The root of the problem – Ontology, Epistemology and the problem with Vocabulary




November 24, 2021


Are vocabularies the right way to achieve integration, sharing and reuse in cultural heritage?

Within cultural heritage vocabularies are seen as the main way to integrate data across organisations despite the fact that different organisations use different vocabularies to support their different historical perspectives. In the past ‘union’ systems projects have meant agreeing on a common vocabulary and thereby removing those key distinctions.

In Linked Data, the use of vocabularies for integration using intermediate vocabularies which act as single reference point is still the technical norm, but here too vocabulary terms that are independent of the context in which they are used and where there may be no exact match requiring approximations, are not necessarily appropriate. At the end of the day organisations use vocabularies which rely on their context and support their particular epistemology.

As a result CH professionals in the 1990s started to question whether vocabularies were the right way to achieve integration, and ultimately sharing and reuse.

Also in the 1990s computer scientists provided a clear definition of something called Knowledge Representation. It was based on two aspects. Firstly, it required ‘ontological commitment’. This means that it takes surrogates of things, both material and immaterial, from the real world, i.e.,

there must be some form of correspondence specified between the surrogate and its intended referent in the world; the correspondence is the semantics for the representation.

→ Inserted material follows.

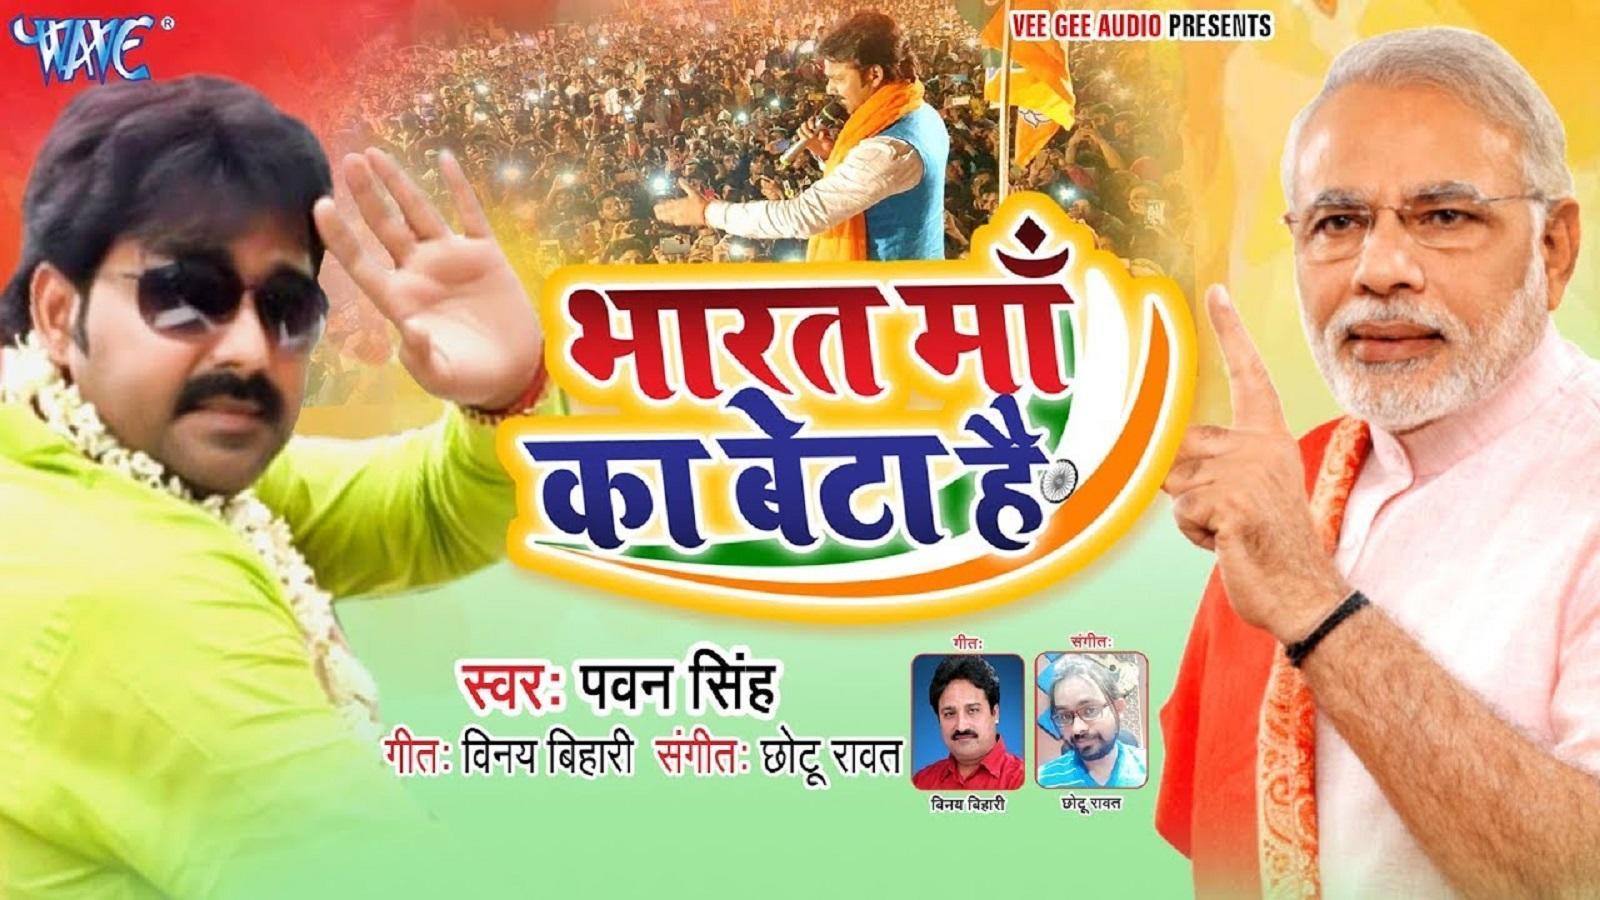 Naya Bhojpuri Gana Video Song: Latest Bhojpuri song 'Bharat Maa Ka

Knowledge representation in cultural heritage

Knowledge representation relies on making a connection between “problem solving expertise” and “the domain” in which this problem solving takes place. The key element was the latter, providing a solid framework of reality, or at least a part of it which was relatively clear and universal, which formed the basis for this new approach. This provided a clear departure from terminology and instead created general points of reference from universally and scientifically understood concepts. This correspondence is crucial because each knowledge project operates in its own epistemological bubble and can not be fully integrated, shared, and reused using its own particular language.

Despite this understanding within computer science, ontological commitment is rarely developed as part of knowledge engineering, yet many computer scientists turned their attention to projects involving knowledge outside their domain with an interest in how computers could ‘reason’ with different types of domain data. A professional split occurred because developing an ontological model of a domain of interest necessitated a significant undertaking involving collaboration with many different domain subject experts who could validate the ontology through empirical means.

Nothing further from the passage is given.